Estimate the impact of one pitch call going the wrong way to be a gain or loss of about .300 OPS per pitch changed (It's about .100 when the batter is ahead on the count, and about .400 when even or behind). Net effect of gaining/losing .300 OPS per missed call is about .004 per player-season.

Is it wrong? Yes. Should something be done to change it? Why not, if possible? It's awfully hard to think of what can be done other than robot umps. Anything else might disproportionate to the size of the problem. Is it significant? Depends on what you think significant is. Really, compared to other disparate impacts throughout society, this is small potatoes. I thought it might be considerably worse than it actually is. Ignore it? Fortunately, we don't have to.

Robot umps would take care of this problem, I would think. And as an added benefit, it would eliminate a pretty large number of ejections, at least half of which have to be over ball-strike calls, and probably much more than half. And that would significantly cut whatever disparity exists in that area, just by brute force reduction in total ejections.
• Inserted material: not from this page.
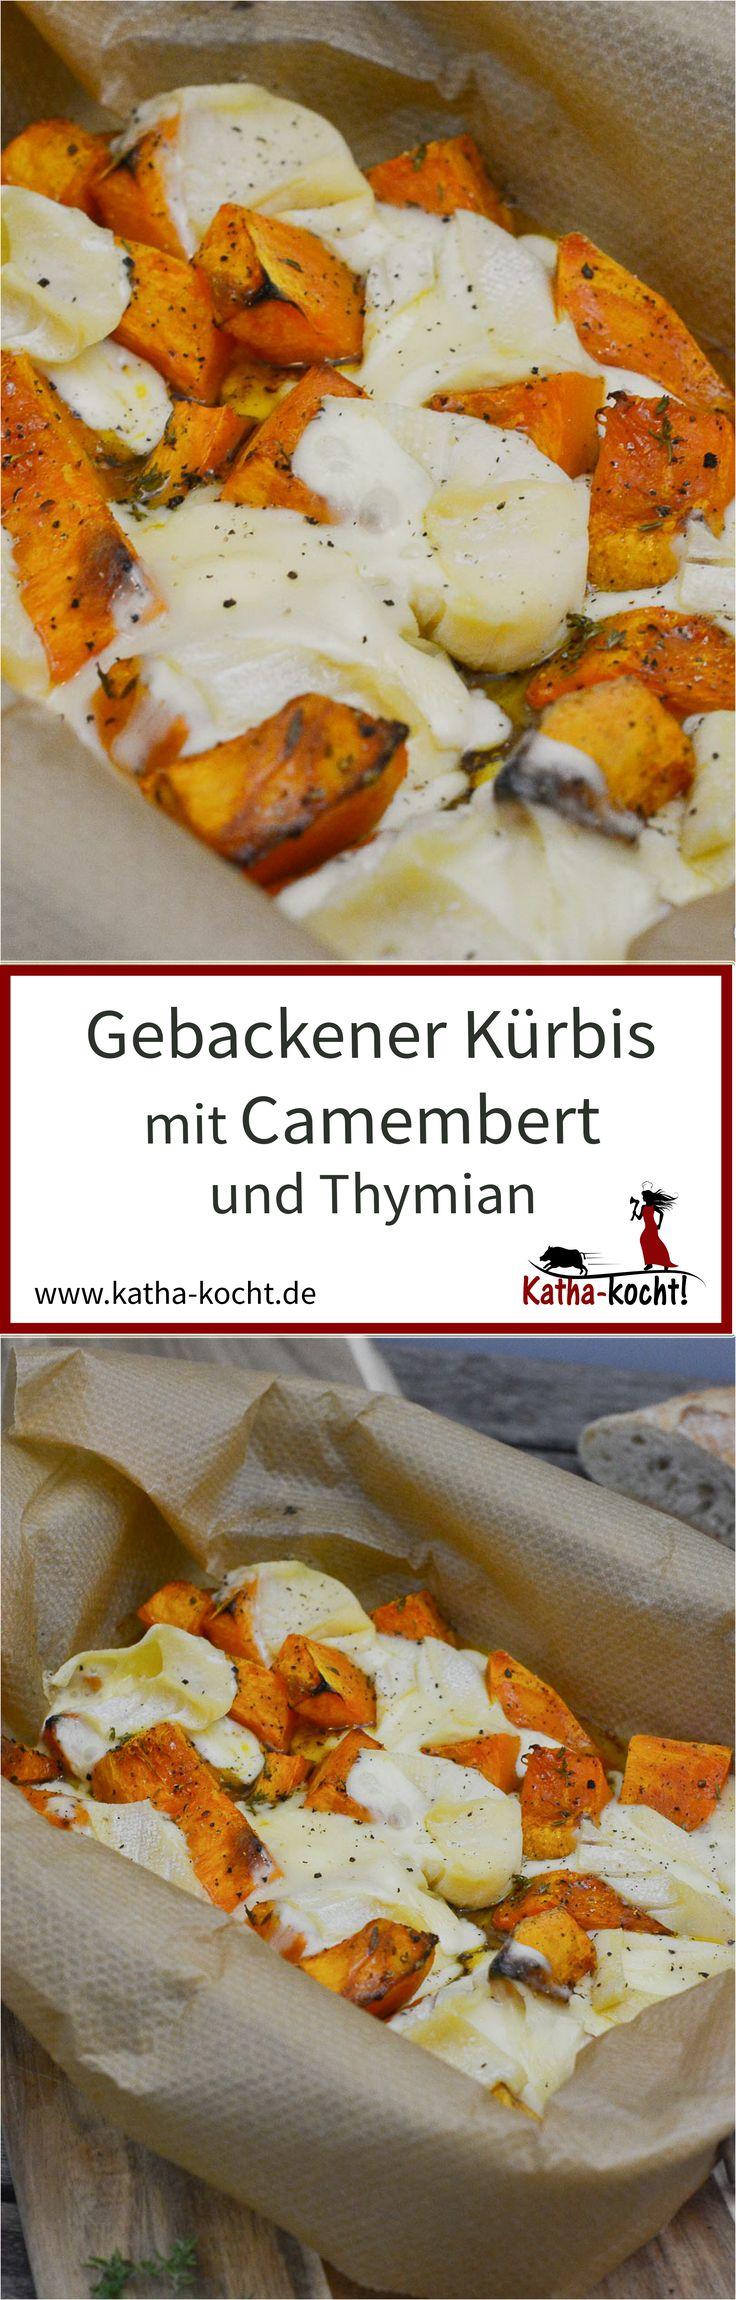 Gebackener Kürbis mit Camembert und Thymian

Of course, that might eliminate some catchers who are around mainly for their strike-zone warping receiving abilities. If those catchers are disproportionately Latino, then that might initiate a different problem.
The sample size is so ridiculously large that any difference would have been statistically "significant". The key is whether that difference is "meaningful" (i.e., effect size). At 0.3% difference, I don't see how that could be very meaningful, especially considering that his sample size was over 12-year period that include 3 million pitches, and he's talking about a difference of about 6,000. And every batter only sees 5 pitches on average for each at-bat.

Unless I'm missing something, his conclusions seems like an enormous stretch to me.
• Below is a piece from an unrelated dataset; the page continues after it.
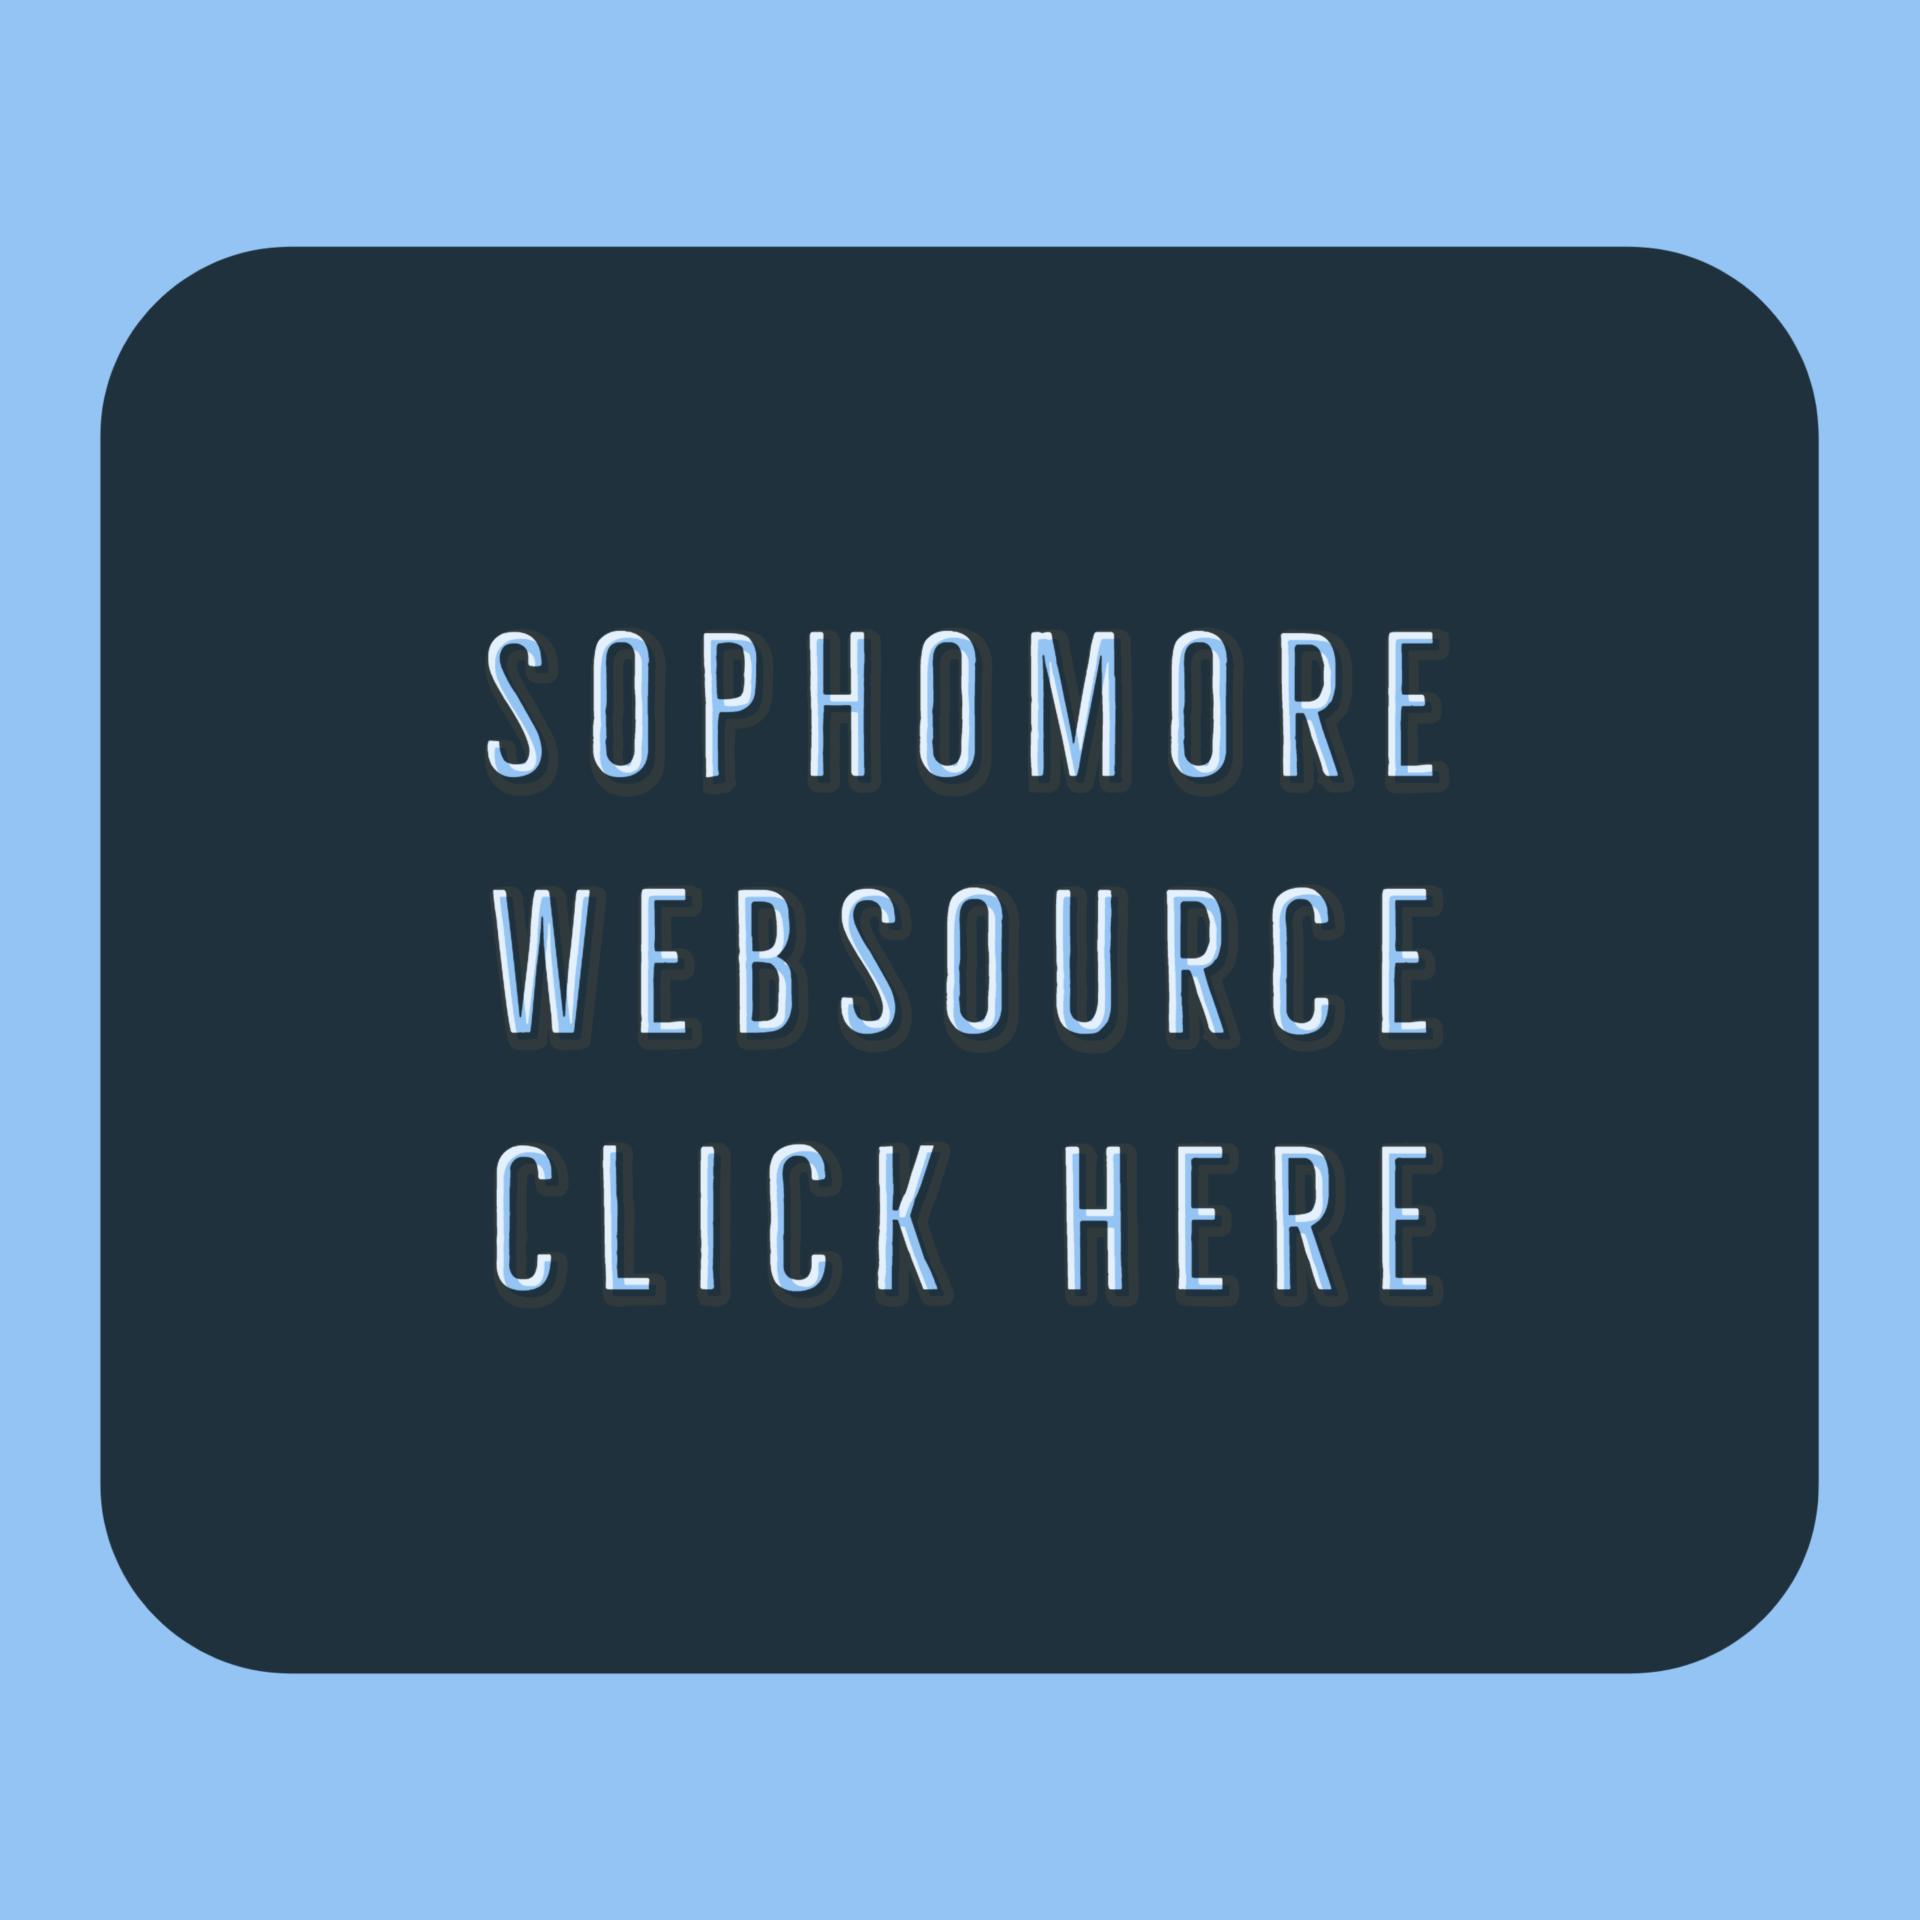 Sophomore Websource

With a 0.3% difference, this looks more like a textbook example of a model having such strong statistical power that even an extremely tiny difference is "statistically significant", which is why measures of effect size are so important. Just because a statistical test gives a p-value < .05, that doesn't mean the difference is statistically meaningful.
Chad Ronnander
Having read the article (but not Snowdon's research), and thinking through the comments others have made ... Yeah, I think this is pretty small potatoes. Given the bigger picture -- seeing what goes on in other arenas of life, and how many issues truly need our attention -- we might just as well celebrate that Snowdon found that there is actually very little discrimination in the calling of balls and strikes compared to some other, more important, parts of life. Indeed, as others have pointed out, if the effect Snowdon measures is spread evenly among the entire population of players, then it is pretty clear that racial bias in the umpiring of balls and strikes is NOT affecting individual players, games, baseball as a whole, or the world in any meaningful way. The end result is what the great majority of players -- including players of color -- would consider to be fair, for the most part. As others above have pointed out -- just because something is statistically significant does not mean that it is morally significant or impactful. A difference can be both statistically significant (i.e., due to sample size, we are fairly certain it exists) and of little significance (i.e., while we are certain something exists, we can see in the light of other evidence that it has little or no impact.) When it comes to creating a fair playing field for people of every background, we have a lot of work to do -- but it's pretty clear that one of the very last things we need to worry about is the calling of balls and strikes. Snowdon's data shows that we're doing a pretty darned good job there compared to other arenas, I would say.